• _Required work_
If a line in the records below contains "chairs", copy that line.

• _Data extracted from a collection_
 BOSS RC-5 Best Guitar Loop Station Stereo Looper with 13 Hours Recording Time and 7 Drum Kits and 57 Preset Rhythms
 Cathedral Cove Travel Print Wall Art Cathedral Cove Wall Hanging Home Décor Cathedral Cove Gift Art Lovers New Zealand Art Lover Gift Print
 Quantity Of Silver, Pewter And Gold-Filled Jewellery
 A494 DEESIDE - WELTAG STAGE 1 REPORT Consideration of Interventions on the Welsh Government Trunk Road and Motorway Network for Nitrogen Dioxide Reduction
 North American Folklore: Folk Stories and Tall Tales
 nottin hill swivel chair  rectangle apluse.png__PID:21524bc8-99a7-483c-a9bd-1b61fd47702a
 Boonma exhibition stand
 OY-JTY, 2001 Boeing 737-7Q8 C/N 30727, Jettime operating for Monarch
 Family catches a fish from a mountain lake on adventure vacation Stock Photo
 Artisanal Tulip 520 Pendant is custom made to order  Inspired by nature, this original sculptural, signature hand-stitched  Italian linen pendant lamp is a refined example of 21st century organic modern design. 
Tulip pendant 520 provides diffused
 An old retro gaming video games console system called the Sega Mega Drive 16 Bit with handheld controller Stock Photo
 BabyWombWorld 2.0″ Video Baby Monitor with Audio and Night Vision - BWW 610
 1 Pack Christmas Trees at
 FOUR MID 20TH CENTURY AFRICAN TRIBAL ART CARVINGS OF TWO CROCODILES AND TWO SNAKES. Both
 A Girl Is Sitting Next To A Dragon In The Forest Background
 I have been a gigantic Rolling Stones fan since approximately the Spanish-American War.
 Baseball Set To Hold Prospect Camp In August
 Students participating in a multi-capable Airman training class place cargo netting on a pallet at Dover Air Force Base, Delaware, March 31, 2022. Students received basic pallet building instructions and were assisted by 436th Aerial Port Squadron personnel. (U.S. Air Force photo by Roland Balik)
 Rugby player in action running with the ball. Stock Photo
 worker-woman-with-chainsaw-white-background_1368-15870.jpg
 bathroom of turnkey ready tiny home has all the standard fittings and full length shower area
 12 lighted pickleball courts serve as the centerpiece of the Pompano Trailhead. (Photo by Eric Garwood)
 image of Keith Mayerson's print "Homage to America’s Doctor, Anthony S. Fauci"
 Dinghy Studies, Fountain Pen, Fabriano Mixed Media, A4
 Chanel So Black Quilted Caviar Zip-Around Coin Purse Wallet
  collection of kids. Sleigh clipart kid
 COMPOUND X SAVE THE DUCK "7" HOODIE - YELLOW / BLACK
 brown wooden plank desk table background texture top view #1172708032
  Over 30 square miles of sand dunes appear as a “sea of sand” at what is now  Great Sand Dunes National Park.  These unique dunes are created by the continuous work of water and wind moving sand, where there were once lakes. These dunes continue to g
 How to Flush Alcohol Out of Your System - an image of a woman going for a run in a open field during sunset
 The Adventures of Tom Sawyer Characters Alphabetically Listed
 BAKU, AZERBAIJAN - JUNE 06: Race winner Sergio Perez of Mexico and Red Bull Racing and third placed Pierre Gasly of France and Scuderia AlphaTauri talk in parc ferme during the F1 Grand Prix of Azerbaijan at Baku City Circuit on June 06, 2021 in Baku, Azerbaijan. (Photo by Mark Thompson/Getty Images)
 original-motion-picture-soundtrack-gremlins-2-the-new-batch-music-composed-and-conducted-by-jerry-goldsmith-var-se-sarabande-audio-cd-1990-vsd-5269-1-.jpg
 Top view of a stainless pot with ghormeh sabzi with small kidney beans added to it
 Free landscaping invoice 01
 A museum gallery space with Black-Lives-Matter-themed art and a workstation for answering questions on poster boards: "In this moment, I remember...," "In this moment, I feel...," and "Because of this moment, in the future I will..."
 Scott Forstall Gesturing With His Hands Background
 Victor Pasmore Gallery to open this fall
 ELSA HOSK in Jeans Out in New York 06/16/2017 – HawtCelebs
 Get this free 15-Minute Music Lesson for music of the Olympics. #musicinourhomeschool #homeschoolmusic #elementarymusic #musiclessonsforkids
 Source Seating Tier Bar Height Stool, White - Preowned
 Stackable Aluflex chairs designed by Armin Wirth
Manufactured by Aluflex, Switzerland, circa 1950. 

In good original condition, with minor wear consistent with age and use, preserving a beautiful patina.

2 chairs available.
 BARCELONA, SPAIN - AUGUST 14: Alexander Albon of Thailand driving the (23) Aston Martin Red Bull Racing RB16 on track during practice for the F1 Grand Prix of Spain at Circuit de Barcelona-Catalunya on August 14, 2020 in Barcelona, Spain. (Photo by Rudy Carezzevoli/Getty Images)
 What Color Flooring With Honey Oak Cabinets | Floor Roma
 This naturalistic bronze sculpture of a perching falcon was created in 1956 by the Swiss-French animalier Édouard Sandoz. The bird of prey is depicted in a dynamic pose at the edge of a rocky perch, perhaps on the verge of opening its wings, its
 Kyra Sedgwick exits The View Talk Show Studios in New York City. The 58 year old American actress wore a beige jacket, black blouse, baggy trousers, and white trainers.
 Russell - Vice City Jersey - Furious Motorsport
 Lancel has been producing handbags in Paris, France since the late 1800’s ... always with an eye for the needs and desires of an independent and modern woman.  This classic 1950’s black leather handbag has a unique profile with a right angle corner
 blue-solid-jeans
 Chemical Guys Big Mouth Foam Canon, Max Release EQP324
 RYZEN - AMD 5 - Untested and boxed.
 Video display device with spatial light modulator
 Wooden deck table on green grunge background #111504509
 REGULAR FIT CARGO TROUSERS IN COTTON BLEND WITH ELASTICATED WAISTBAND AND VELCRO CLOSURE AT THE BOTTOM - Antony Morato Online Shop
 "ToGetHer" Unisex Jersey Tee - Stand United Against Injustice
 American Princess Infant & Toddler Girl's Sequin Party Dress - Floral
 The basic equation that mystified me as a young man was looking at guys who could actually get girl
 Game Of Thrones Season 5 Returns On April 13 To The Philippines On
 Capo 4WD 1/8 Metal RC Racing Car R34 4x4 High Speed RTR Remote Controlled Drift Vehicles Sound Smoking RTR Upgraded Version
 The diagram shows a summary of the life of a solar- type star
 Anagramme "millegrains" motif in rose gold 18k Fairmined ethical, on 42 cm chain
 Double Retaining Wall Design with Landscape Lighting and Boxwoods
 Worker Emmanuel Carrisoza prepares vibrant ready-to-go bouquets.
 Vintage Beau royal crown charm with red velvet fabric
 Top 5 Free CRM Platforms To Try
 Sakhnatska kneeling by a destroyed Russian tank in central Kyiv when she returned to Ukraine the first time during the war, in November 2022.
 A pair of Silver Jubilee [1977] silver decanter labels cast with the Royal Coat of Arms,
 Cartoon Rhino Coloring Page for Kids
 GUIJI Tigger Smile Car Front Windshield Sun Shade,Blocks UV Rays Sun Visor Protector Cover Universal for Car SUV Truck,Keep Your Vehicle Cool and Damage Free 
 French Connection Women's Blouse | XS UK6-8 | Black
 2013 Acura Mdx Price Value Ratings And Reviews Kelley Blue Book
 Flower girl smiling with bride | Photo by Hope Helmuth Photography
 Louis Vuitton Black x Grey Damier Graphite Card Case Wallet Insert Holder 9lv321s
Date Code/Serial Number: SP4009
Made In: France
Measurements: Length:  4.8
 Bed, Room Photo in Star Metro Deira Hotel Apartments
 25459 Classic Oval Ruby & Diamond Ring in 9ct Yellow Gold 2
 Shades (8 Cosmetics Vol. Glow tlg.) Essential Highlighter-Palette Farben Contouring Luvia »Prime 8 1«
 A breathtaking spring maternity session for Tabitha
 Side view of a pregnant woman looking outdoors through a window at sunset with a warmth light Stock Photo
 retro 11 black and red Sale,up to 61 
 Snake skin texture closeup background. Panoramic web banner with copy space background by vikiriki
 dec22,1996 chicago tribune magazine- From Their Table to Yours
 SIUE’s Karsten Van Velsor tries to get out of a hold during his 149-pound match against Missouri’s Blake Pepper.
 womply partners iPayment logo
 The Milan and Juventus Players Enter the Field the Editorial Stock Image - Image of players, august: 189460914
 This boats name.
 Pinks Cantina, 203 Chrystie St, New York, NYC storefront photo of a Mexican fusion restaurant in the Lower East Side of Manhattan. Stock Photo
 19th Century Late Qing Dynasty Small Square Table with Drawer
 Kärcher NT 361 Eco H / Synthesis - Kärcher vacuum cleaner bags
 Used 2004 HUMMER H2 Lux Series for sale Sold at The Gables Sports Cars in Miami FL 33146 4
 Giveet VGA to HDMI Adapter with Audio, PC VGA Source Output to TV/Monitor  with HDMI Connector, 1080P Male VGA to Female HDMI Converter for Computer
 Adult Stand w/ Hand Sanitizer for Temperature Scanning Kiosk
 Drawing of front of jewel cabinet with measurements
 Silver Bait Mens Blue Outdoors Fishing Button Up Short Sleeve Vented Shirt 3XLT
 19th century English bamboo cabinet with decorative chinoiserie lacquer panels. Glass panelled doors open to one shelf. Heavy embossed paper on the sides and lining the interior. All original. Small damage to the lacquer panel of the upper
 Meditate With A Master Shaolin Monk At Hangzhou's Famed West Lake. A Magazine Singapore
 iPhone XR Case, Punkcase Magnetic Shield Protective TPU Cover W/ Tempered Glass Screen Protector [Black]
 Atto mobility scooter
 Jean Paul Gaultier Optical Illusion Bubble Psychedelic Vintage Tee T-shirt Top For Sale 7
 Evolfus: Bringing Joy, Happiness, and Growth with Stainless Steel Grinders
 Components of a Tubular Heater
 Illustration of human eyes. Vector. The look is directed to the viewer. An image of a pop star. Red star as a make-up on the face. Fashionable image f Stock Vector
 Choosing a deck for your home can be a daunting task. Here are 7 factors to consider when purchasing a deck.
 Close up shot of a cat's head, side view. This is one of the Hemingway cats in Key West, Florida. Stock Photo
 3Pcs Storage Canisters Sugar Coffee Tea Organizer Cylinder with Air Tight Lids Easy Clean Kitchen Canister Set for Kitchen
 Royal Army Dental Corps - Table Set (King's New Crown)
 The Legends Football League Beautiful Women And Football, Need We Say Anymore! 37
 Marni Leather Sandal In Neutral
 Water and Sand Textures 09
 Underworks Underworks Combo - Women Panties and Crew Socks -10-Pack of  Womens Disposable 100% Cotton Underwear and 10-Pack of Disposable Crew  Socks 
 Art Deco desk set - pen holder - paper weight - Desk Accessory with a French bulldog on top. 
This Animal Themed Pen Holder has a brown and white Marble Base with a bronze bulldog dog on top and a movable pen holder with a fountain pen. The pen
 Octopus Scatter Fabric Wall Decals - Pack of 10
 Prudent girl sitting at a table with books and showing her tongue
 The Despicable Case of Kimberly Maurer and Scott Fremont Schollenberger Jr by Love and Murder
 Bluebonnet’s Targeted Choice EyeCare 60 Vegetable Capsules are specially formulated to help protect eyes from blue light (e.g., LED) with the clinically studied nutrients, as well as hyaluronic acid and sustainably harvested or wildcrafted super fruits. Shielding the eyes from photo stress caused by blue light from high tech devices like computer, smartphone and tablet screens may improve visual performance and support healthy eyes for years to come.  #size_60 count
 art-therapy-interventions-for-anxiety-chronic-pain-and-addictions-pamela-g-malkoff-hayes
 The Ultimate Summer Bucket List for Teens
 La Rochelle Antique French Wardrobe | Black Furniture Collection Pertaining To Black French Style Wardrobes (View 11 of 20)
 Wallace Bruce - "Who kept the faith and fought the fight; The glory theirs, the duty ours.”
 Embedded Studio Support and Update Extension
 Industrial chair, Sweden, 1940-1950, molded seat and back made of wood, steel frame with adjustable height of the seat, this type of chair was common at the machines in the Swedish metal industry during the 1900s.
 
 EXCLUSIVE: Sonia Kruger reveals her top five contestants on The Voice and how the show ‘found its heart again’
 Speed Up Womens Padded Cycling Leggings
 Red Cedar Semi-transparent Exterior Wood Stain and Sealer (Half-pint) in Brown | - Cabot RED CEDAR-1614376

• _Result of the exercise_
 Stackable Aluflex chairs designed by Armin Wirth
2 chairs available.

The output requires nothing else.